Some horses are extremely stoic and will hide discomfort until it’s just too much for them to cope with. These are the horses that people tell you are oh so quiet – until they explode.

So, is the horse quiet or internalized?

Horses are prey animals; because of this, some of them are exceptionally good at hiding discomfort. They don’t want to be the ones that stand out of the herd as weak or compromised and become a target. Others have been ‘bomb-proofed’ or taught to shut down (sometimes called ‘learned helplessness’). They have been taught to disconnect from their natural reactions. Either of these types may not show the typical signs of discomfort that other, more expressive horses do. It doesn’t necessarily mean that they aren’t experiencing discomfort. Stoic horses do their very best to do their job and live their life without complaining. Tension and restrictions are often widespread before anyone notices they need help.

So how can you tell if the horse you’re working on might be one of them? Do they stay a little too still when you palpate? Do they hold their breath when you touch them? Stare into the distance like they aren’t there with you? Hold tension around the mouth, cheek, ears or eyes? The more stoic the horse, the more subtle their signals may be. They don’t wear their emotions on their sleeves.

These horses need a gentle, slow approach. Be sure that the tissues are letting you in, that you aren’t pushing to muscle your way in. As the horse relaxes and gains confidence in the work their heads will start to lower and their breathing deepen as their internal tension releases. Allow the horse to protect an area if they need to. It can take more than one session, but when they trust you enough, they will let you in. Sometimes a horse will process the experience on their own after you have left and realize that they are ok with the work and next time they be more open. Work with their brain as much as their body. Ideally, these horses will learn to feel safe enough with you begin expressing themselves a little more. And stay alert – there may be a “trigger” or primal response waiting to be unleashed.

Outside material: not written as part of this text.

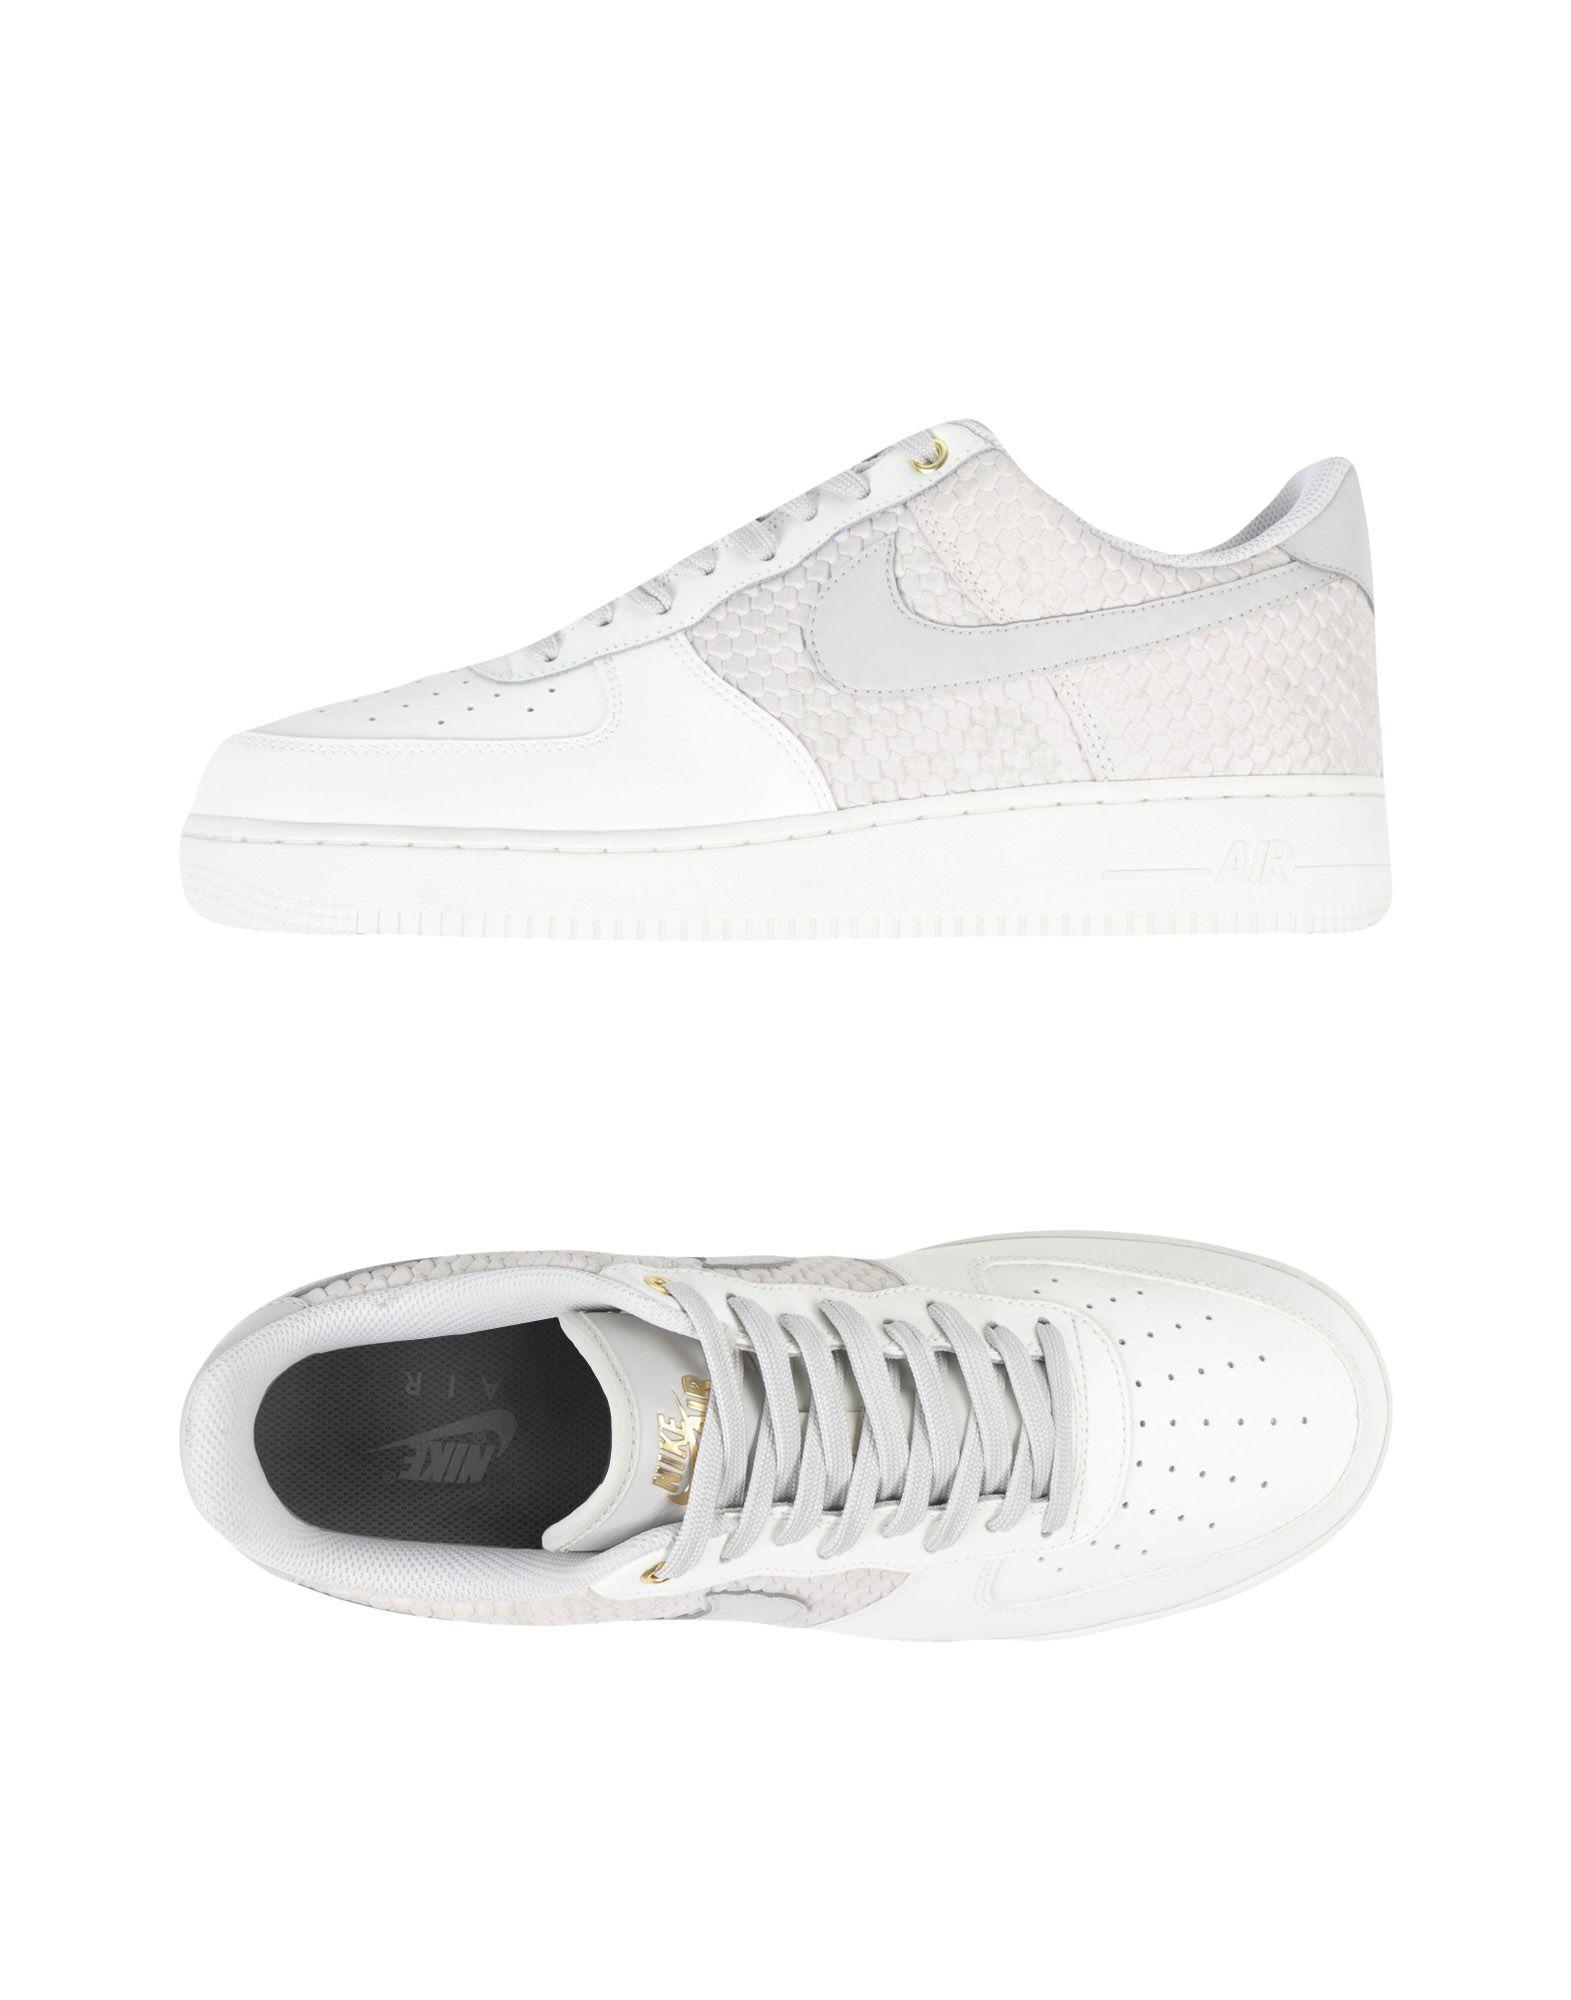 Sneakers Nike Air Force 1 '07 Lv8 - Uomo - 11347142WE

Not everyone is observant enough to work well with these horses. The problem here is that the horse faces a double-edged sword: either he submits to insensitive manipulations, or he reacts by either defending himself or extracting himself from the situation. The horse gets labeled as ‘dangerous under the circumstances’ and doesn’t get the bodywork it needs, when it’s the bodyworker who put the horse into an unfair, no-win situation. Please don’t be one of them.